True, but this is not the way to approach a locking design, because it
doesn't describe who is involved in the lock and when, which really
drives the implementation design (the above bullet points are
implementation-related, not functional). It also doesn't describe
whether locks are intra-thread, inter-thread or inter-process and
different cases have different requirements. Adding calls to locking
primitives everywhere data might be changed isn't an appropriate
approach here.
Start from which things (and it should be a minimal set, due to the
management overhead) that might need to be guarded against simultaneous
access and identify the points in the pipeline where they are in
"critical sections". Then we can work out the scope and timeframe of any
synchronisation points.
This *does* have to be handled very much on a case-by-case basis because
locking overhead is significant. So you want locks to be as few as
possible and as fine-grained as possible. #5632 adds a few too many
synchronisation points -- get_or_create doesn't need one, for example,
since the database handles that already -- and it's only thread-safe,
not process-safe, which would seem to defeat a lot of the purpose of
syncrhonising there (which is why you try to push as much as possible to
the real choke point ... the database).
There's certainly some work we can do here, but you've skipped a couple
of steps, so we're going to miss things. Let's starts with a list of
which accesses must be synchronised, which ones might need to be
synchronised (on a per-app basis, so maybe we provide userspace with a
mutex structure) and which ones aren't really issues.

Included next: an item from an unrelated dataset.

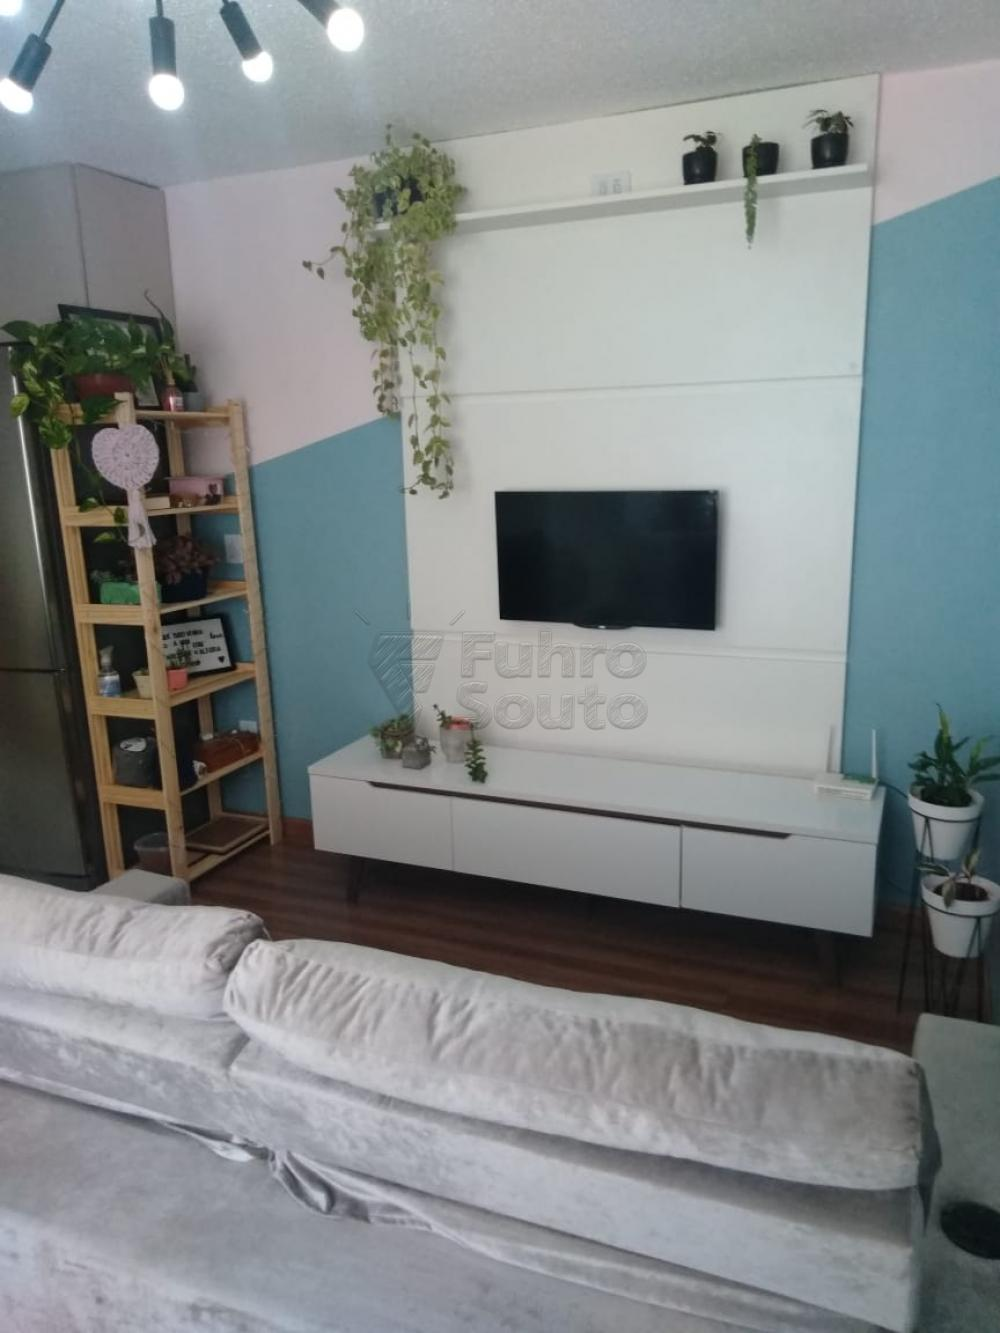 Comprar Apartamento / Padrão em Pelotas R$ 150.000,00 - Foto 1

- Session updating is a "sometimes" (many apps will be happy to
say "only use a session from one computer at a time"). However,
if you need it, it needs to be multi-process, not just
multi-threaded which probably means using the database as a
synchronisation method (e.g. adding a version attribute to the
session structure).
- We do need to work out some kind of "lock for update"
equivalent at the Python level so that a user can reliably do
my_model.score += 1
my_model.save()
and have the right value saved. Holding a full lock for every
model instance in memory on the off-chance it might be saved and
the save might need to make incremental changes like this is a
bit heavy-weight, though (a lot of those cases are why manual
transaction support is available and we should be making sure
that works smoothly).
- Current trunk's save() method doesn't need synchronisation, as
far as I can see, but we might need it for multi-table
inheritance.
That's a start. You probably have other items in mind, so add to the
list.
You've called this post "threading improvements", but at least one of
the discussions you've pointed to, plus #5632, aren't just
threading-specific. They're about general multi-process access. So cast
your net a little wider here in the design.
Regards,
Malcolm
--
Why can't you be a non-conformist like everyone else?

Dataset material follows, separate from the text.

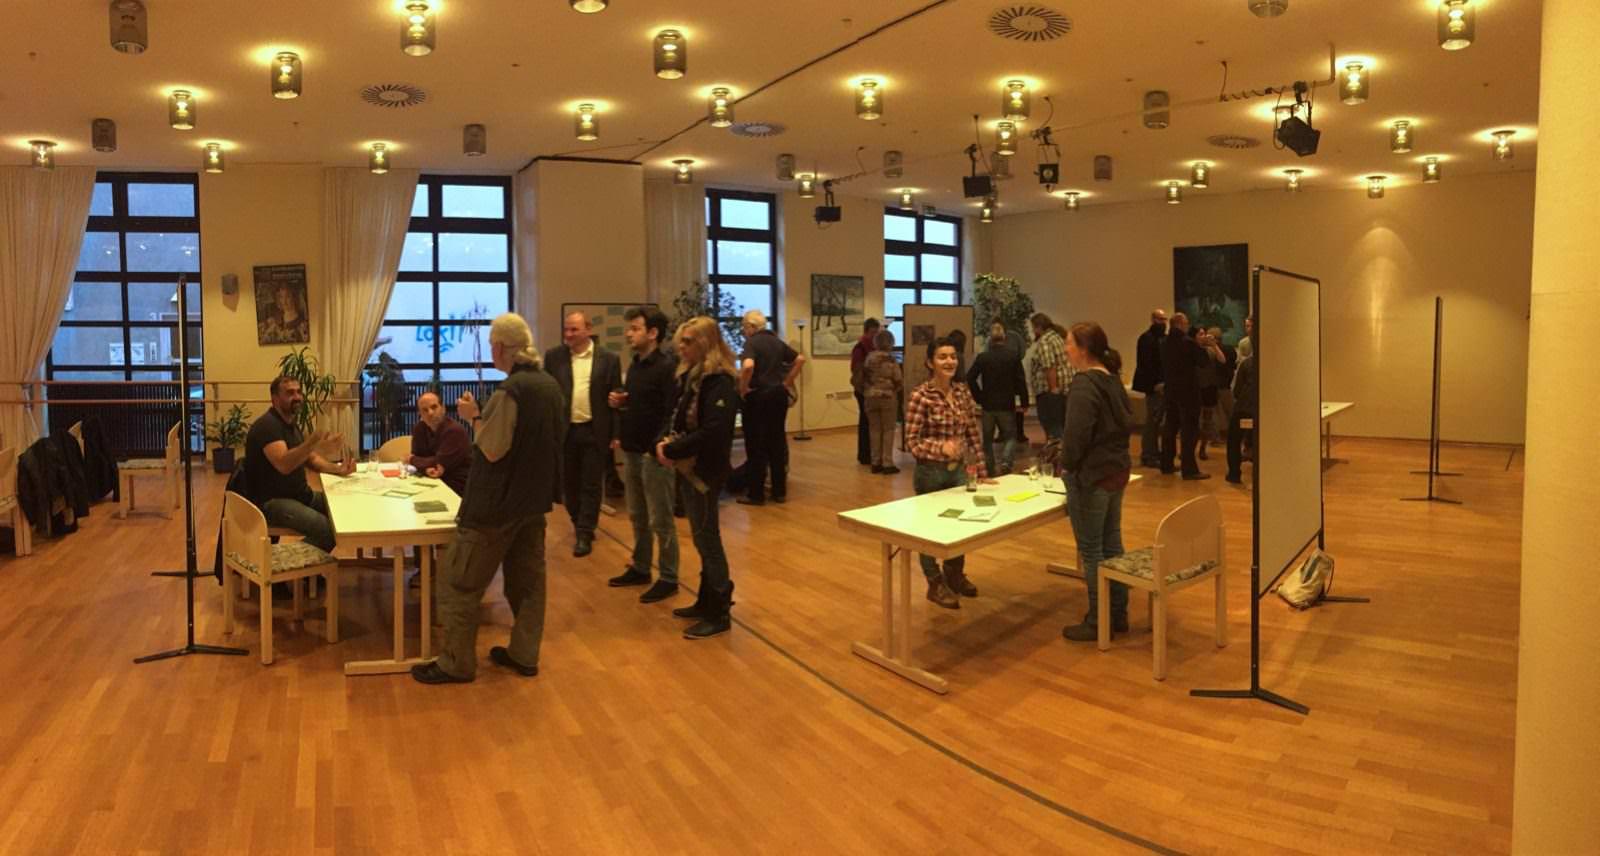 In lockerer Runde konnte an den Tischen über Ideen für den Neumarkt diskutiert werden | Foto: M. Schülke

http://www.pointy-stick.com/blog/
IMO, having synchronization in the app itself is just a dangerous,
performance-killing delusion :-) The second you deploy your second web
server your carefully crafted guarantees will just disappear.
What this means from a practical standpoint is that some things just can't
be done client-side and should be pushed down into the db.
FWIW, my experience is with scaling databases at Stamps.com (over a million
financial transactions a day using C++/MS SQLServer with no ORM) and at
ThisNext (Perl, MySQL, Class::DBI).
mrts wrote:
> Get or create
>
> Precondition: object with foo='bar' does not exist in the database
>
> 1. P_1: M.objects.get(foo='bar'): DoesNotExist, needs adding
> 2. P_2: M.objects.get(foo='bar'): DoesNotExist, needs adding
> 3. P_1: create m = M(foo='bar'), m.save()
> 4. P_2: create m = M(foo='bar'), m.save()
>
IMO, get_or_create() should be one database call that handles this in the
most appropriate way for the backend that is being used. The implementation
could (should?) differ based on the availability of transactions,
backend-specific SQL extensions, or other mechanisms (stored procedures,
etc.).
That said, Class::DBI for Perl[1] has a similar problematic implementation
and it has been popular for a long time now so maybe this isn't so urgent.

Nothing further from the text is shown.